# Single seat golf buggies. Which are the best. And from where.



## Swinglowandslow (Jan 23, 2019)

I may neeed to get one of these . But which and from where.?
Any users of these?
TIA


----------



## jim8flog (Jan 23, 2019)

20 years+ of experience including seeing what others are using and there experiences.
I would go with one or two -

Grass Hopper or Patterson

just check their own websites. Your location may be a deciding factor. I know grasshopper will come to you but I do not know about Patterson.

The very cheap China made products you see on ebay are fairly unreliable.

I have had had experience of the PowaKaddy which was bought out by Electrokart (Voyager) but no experience of that particular manufacturer. They should have a better controller than the one fitted to Powakaddy their motor/ gearbox combo.

Worth making sure you buy a model suited to your weight. The uncushioned tractor seat on the grasshopper model gives you better stability on slopes than the cushioned seat but you have to absorb the bumps a bit more.

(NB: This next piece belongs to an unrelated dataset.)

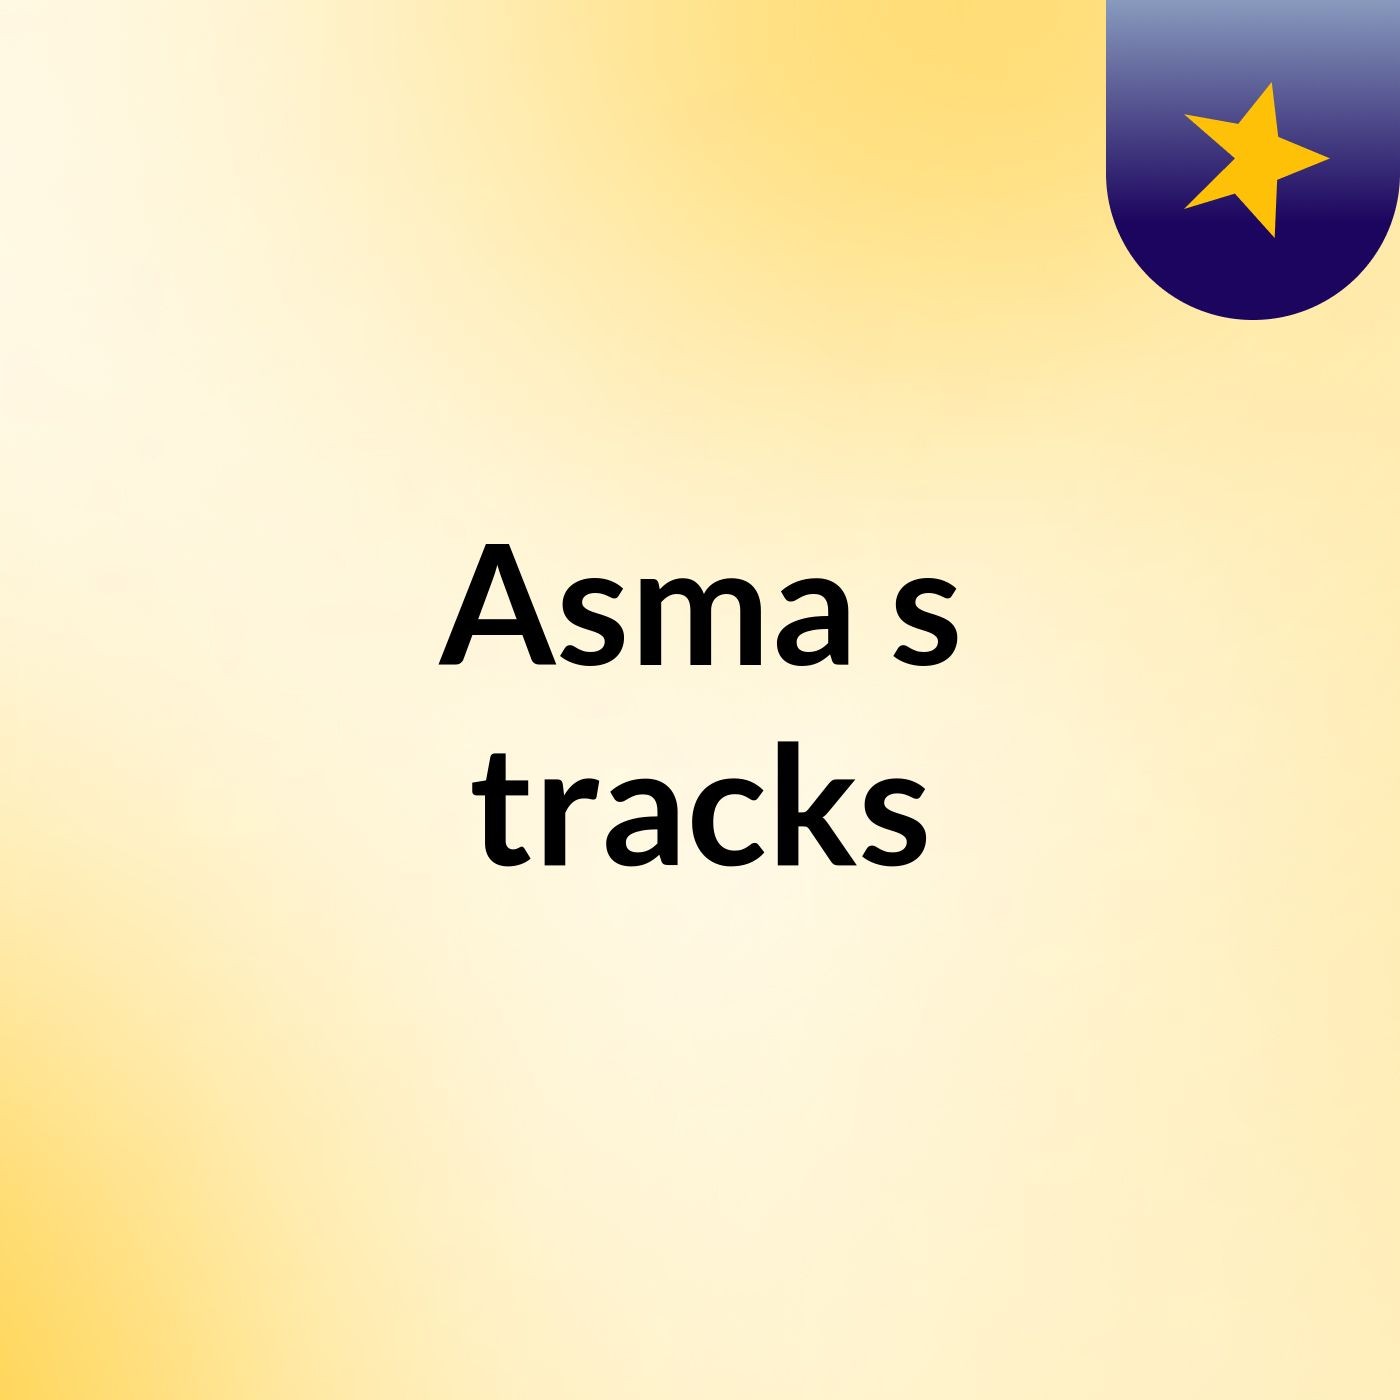 Asma's tracks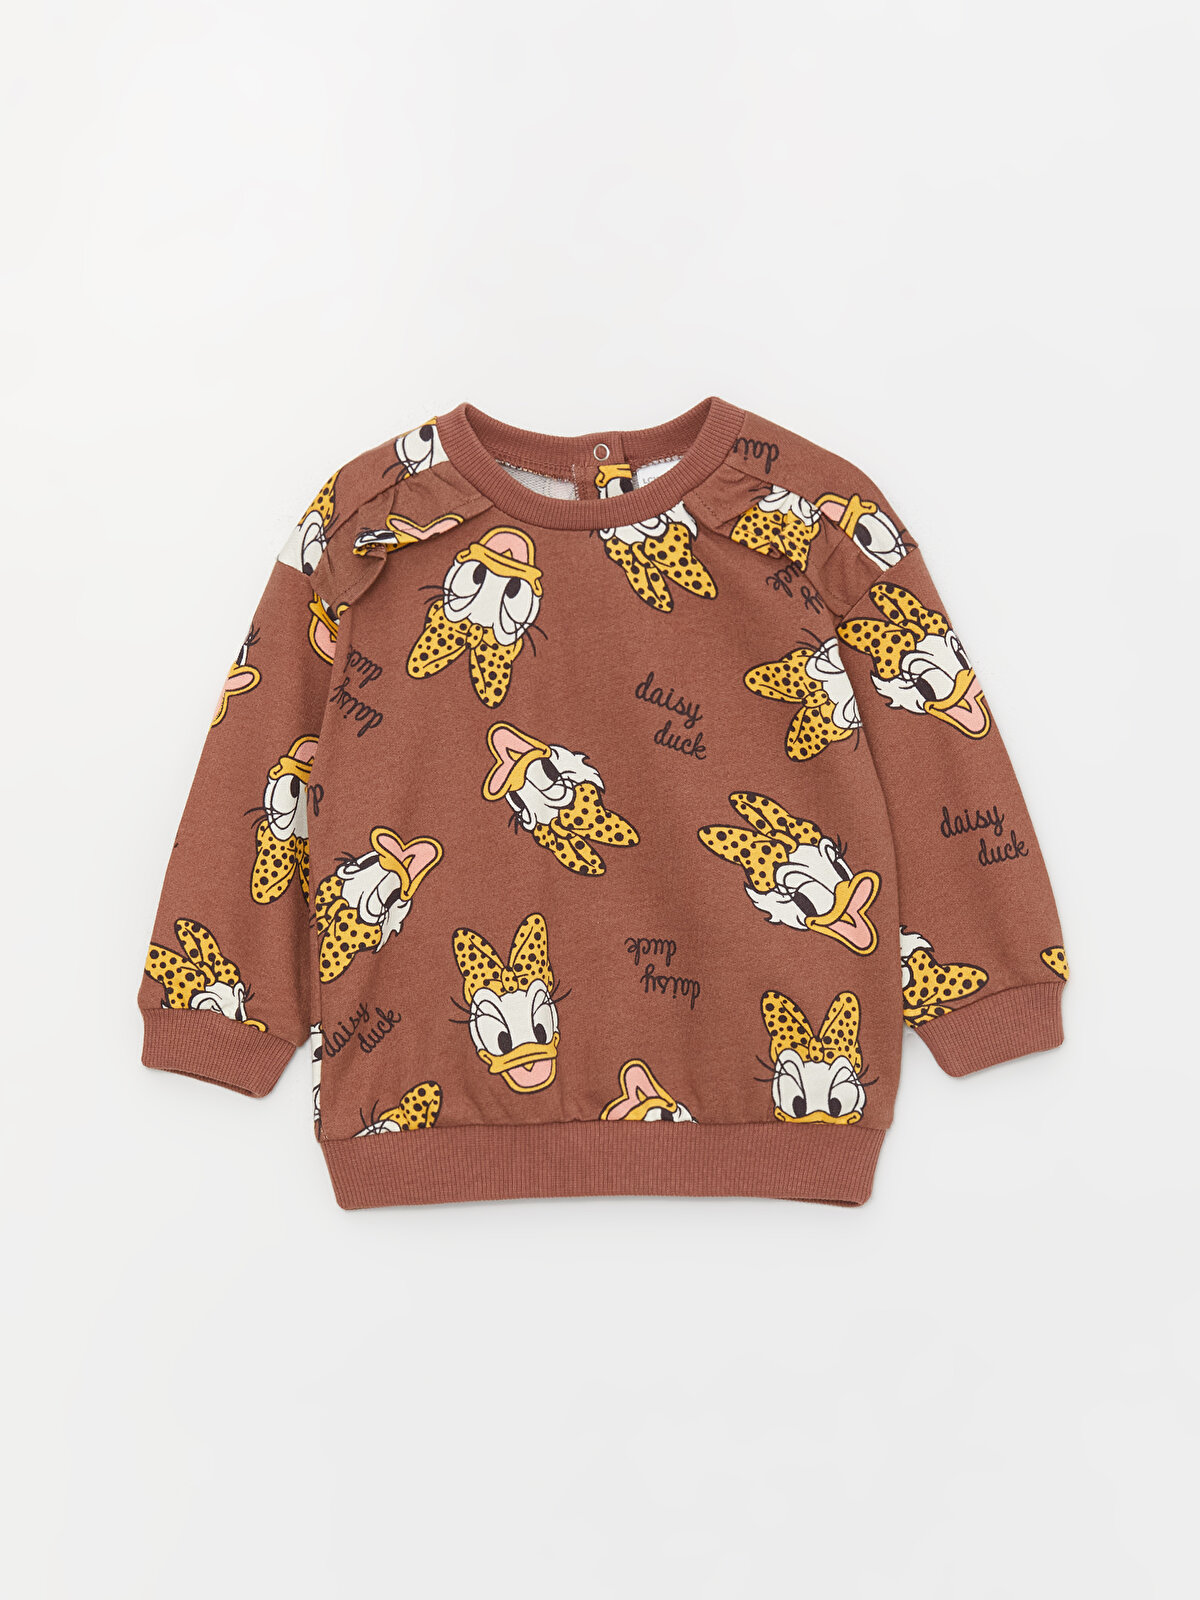 Crew Neck Daisy Duck Printed Long Sleeve Baby Girl Sweatshirt

Whatever model you buy do not exceed the slope rating, avoid steep slopes if possible and try to 'zigzag' up hills.


----------



## Lincoln Quaker (Jan 24, 2019)

We have the Grasshopper Junior Classic for rentals, they have been good.

Some of our members have now gone on the buy them, quite a few members have the Grasshopper Senior Pro buggies, I think they are good all year round buggies as you can get a decent cover for them.

And the aftersales is very good.


----------